DEAD SEA — Minister of Political and Parliamentary Affairs Musa Maaytah on Thursday said that the government was committed to implementing the Jordanian National Action Plan (JONAP) for implementing UN Security Council Resolution 1325 on Women, Peace and Security.
Maaytah’s remarks were made a day after Interior Minister Samir Mubaidin, who was deputising for Premier Omar Razzaz, officially launched the implementation of JONAP during a workshop organised by the Jordanian National Commission for Women (JNCW) and UN Women.
The two-day event, which concluded on Thursday, was held at the King Hussein Bin Talal Convention Centre at the Dead Sea with support from the embassies of Canada, Finland, Norway, Spain and the United Kingdom.
“The Jordanian government realises the importance of JONAP, and my ministry will make sure that JONAP will not [simply] be ink on paper and that it will be applied through a clear mechanism which will ensure proper implementation,” the minister said.
Maaytah added that JONAP is a pioneering plan because “it focuses on women and their role in conflict resolution”.
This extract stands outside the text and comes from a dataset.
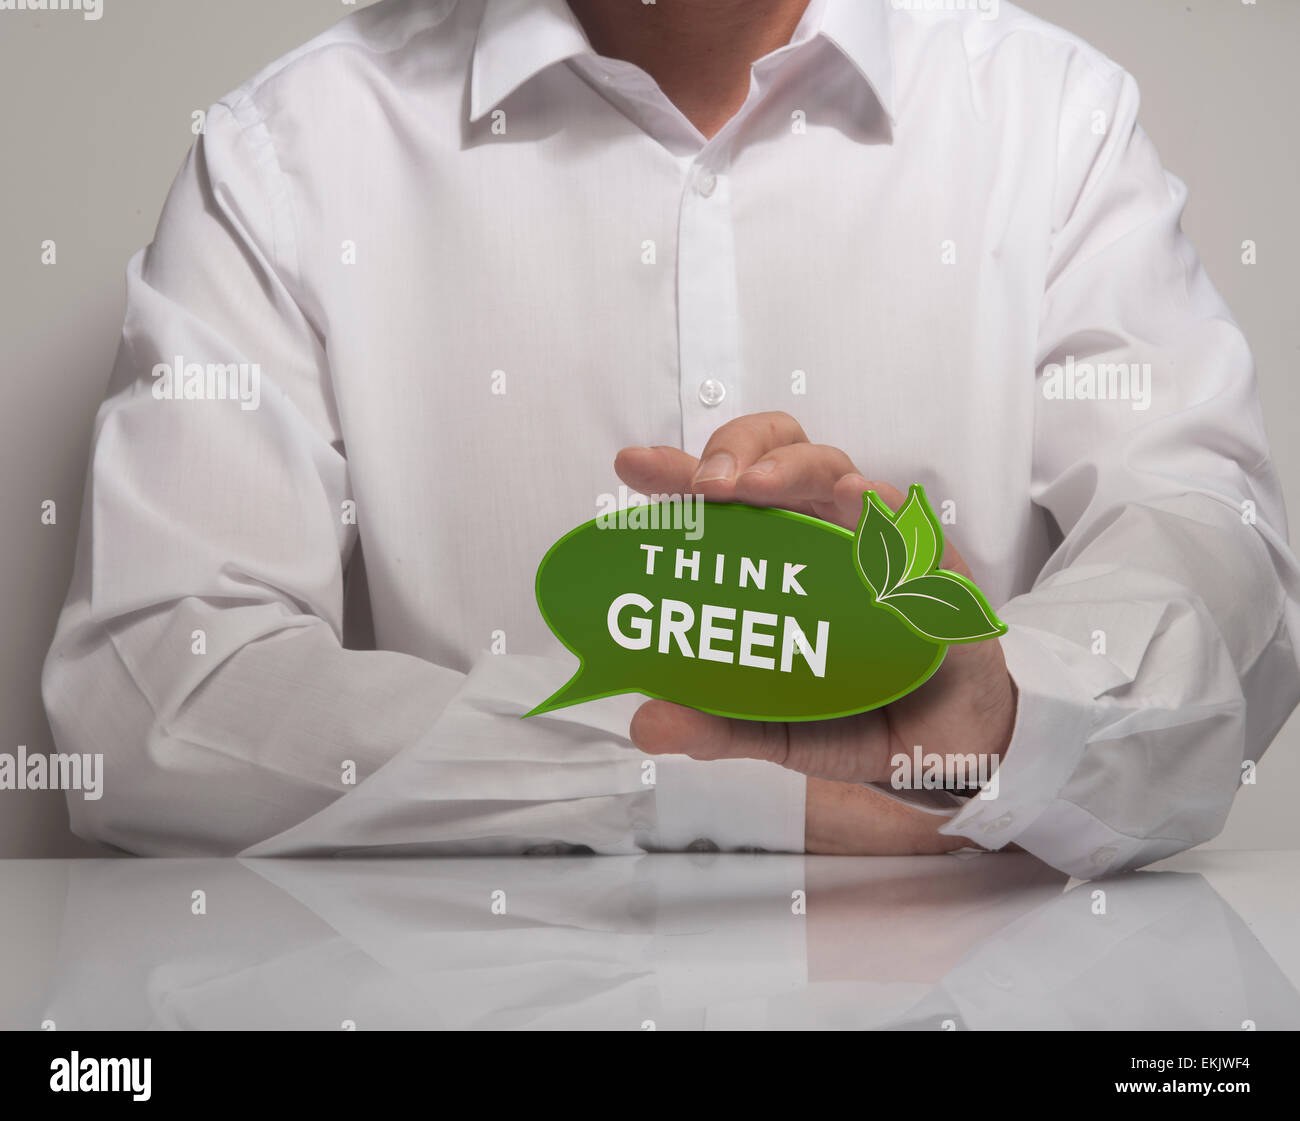 Immagine di un man mano che tiene il parlato palloncino con il verde textthink, camicia bianca. Concetto di ecologia e ambiente preservatio Foto Stock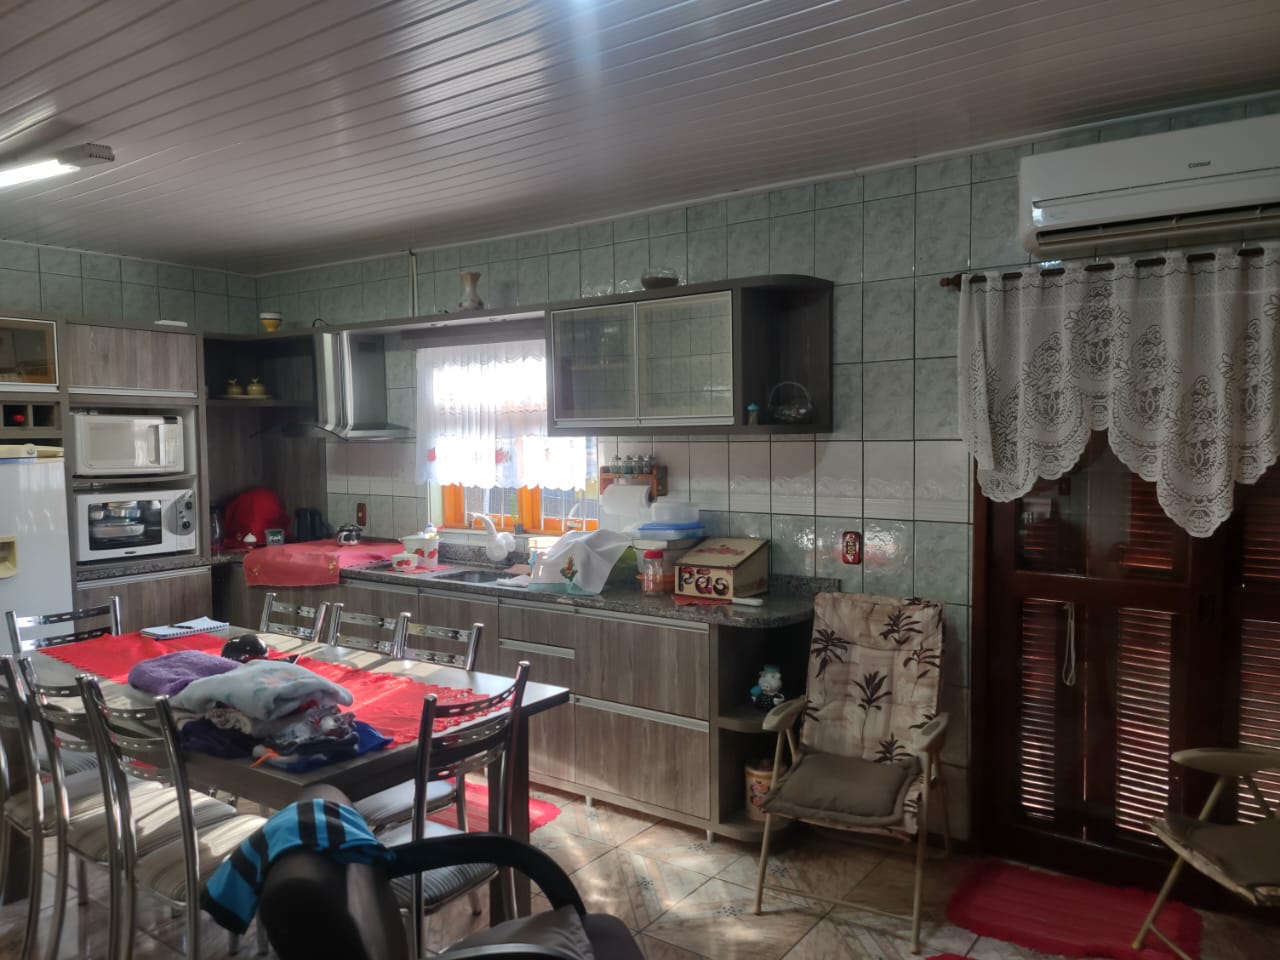 Fotos do imóvel Linda casa em campo Vicente Nova Hartz - Sparrenberger Imóveis

“Unfortunately, in our region those who suffer because of civil wars and armed conflicts are women,” the minister said.
Also addressing the gathering at the conclusion of the event was Canadian Ambassador to Jordan Peter MacDougall, who said Canada “will look at the excellent leadership of the JNCW, UN Women and the relevant government and local entities to ensure the proper implementation of JONAP, which will benefit all Jordanians”.
JNCW Secretary General Salma Nims added that her organisation would follow up with the relevant entities and steering committees to ensure the proper implementation of JONAP.
Nims also praised the Jordanian government’s “true commitment to ensure gender balance when applying JONAP”.
The government of Jordan endorsed JONAP in December of 2017 and formally launched it during a ceremony in March of 2018. The overall goal of JONAP is to contribute to Jordan’s stability and security by improving operational security responses, as well as ensuring that the framework through which Jordan approaches peace and security recognises the needs of women and their human rights.
JONAP consists of four strategic goals in areas including security sector reform and peace operations, as well as the prevention of violent extremism.
The two remaining strategic goals include responding to women and young female refugees in Jordan, and building a culture of peace and gender equality with a focus on youth and preventing gender-based violence.